First, as shown in FIG. 5A, a conductive material layer 24 made of aluminum, molybdenum, chromium, or an alloy of a predetermined thickness is formed on the transparent substrate 11. Then, as shown in Fig. 5B, by patterning using a known photolithography method, a plurality of scanning lines 16 which are etched and removed to grow laterally and the gates which line the scanning lines 16 are formed. The storage capacitor line 18 is formed between the electrode G and the plurality of scanning lines 16, respectively. 5B, the storage capacitor electrode 18a formed by widening the gate electrode G extending from the scanning line 16 and a part of the storage capacitor line 18 is shown.

Next, as shown in Fig. 5C, the transparent substrate 11 on which the scanning line 16 and the auxiliary capacitance line 18 are formed by the above process is heated to a high temperature, for example, 350 DEG C in a vacuum apparatus, According to the method, the insulating film 25 of the 1st layer which consists of silicon nitride of predetermined thickness (for example, 1000 micrometers) is formed in the surface by plasma CVD (Chemical Vapor Depositioin) method. Thereafter, the temperature of the transparent substrate 11 having the first insulating film 25 formed thereon is lowered to a temperature lower than the initial temperature, for example, 250 ° C. For example, the second insulating layer 26 made of 3000 ns of silicon nitride is formed. Both the insulating film 25 of the first layer and the insulating layer 26 of the second layer serve as gate insulating films. Further, the semiconductor layer 19 made of, for example, an a-Si layer and an n ⁺ a-Si layer is formed on the entire surface of the insulating layer 26 of the second layer (for example, a-Si layer 1800 kPa). And n ⁺ a-Si layer 500 Hz).

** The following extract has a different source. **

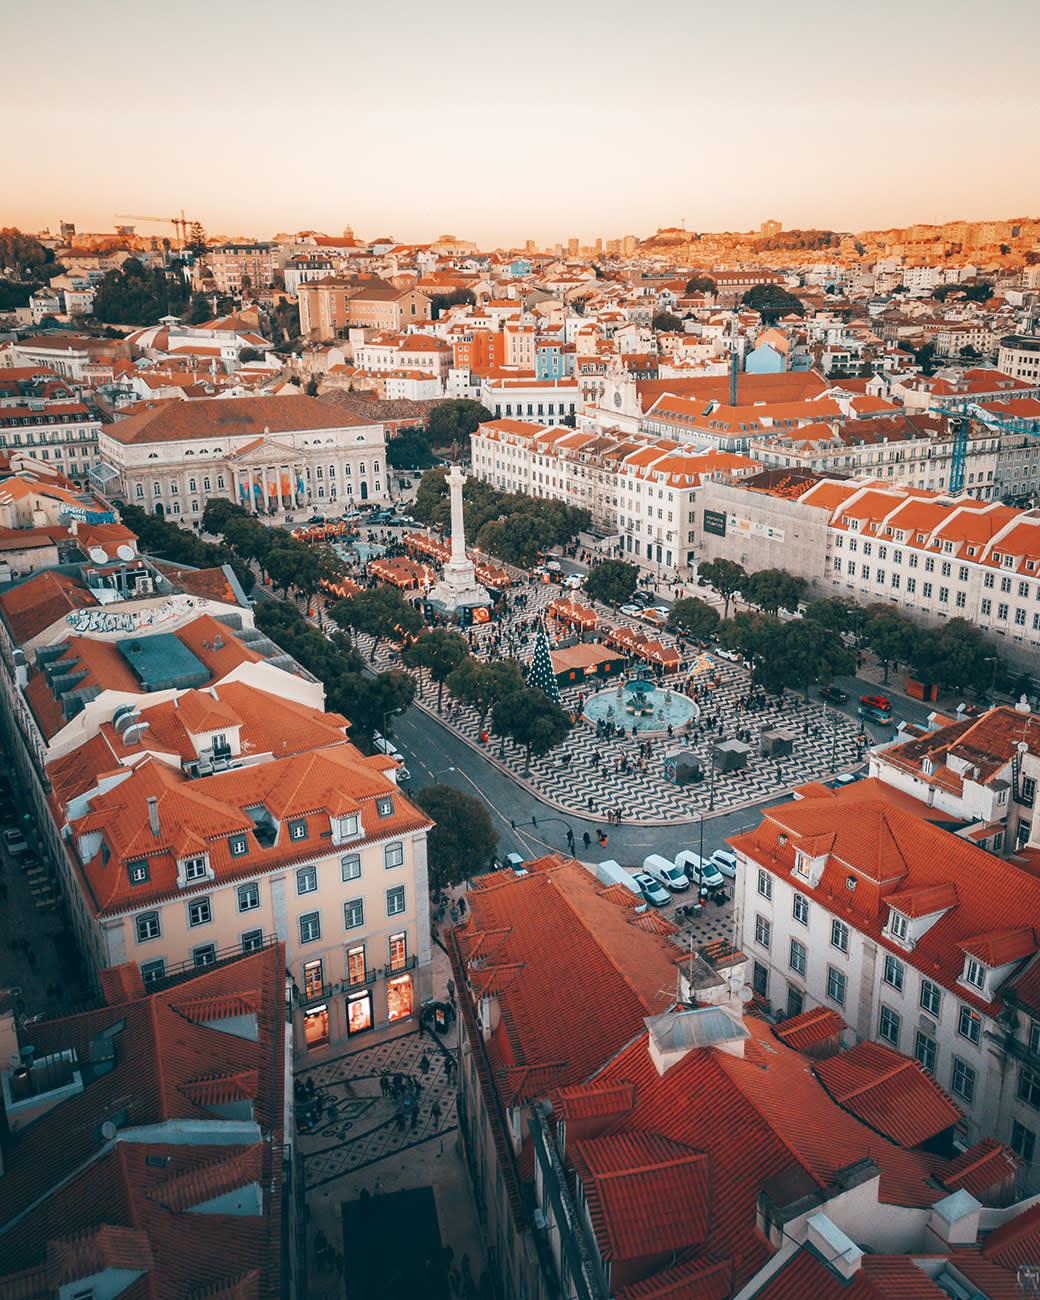 The rossio square from above

The insulating film 25 of the 1st layer, the insulating layer 26 of the 2nd layer, and the semiconductor layer 19 can be formed continuously, without taking out the transparent substrate 11 from a vacuum apparatus. On the other hand, the insulating film 25 of the first layer and the insulating layer 26 of the second layer have different substrate temperatures at the time of forming the respective insulating films, so that even if they are made of the same silicon nitride, the degree of curing of the film is different and the substrate temperature is high. Since the insulating film 25 of the 1st layer becomes hard, the wet etching rate by buffered hydrofluoric acid falls. Moreover, as long as the thickness of the insulating film 25 of a 1st layer does not produce a short circuit, it is preferable that it is thin, and it is good to set it as 500-1500 kPa. In addition, both the insulating film 25 of the 1st layer and the insulating layer 26 of the 2nd layer may be put together, and the thickness may be 2500-5500 kPa, in order to prevent insulation breakdown by static electricity in the gate electrode G part of TFT. .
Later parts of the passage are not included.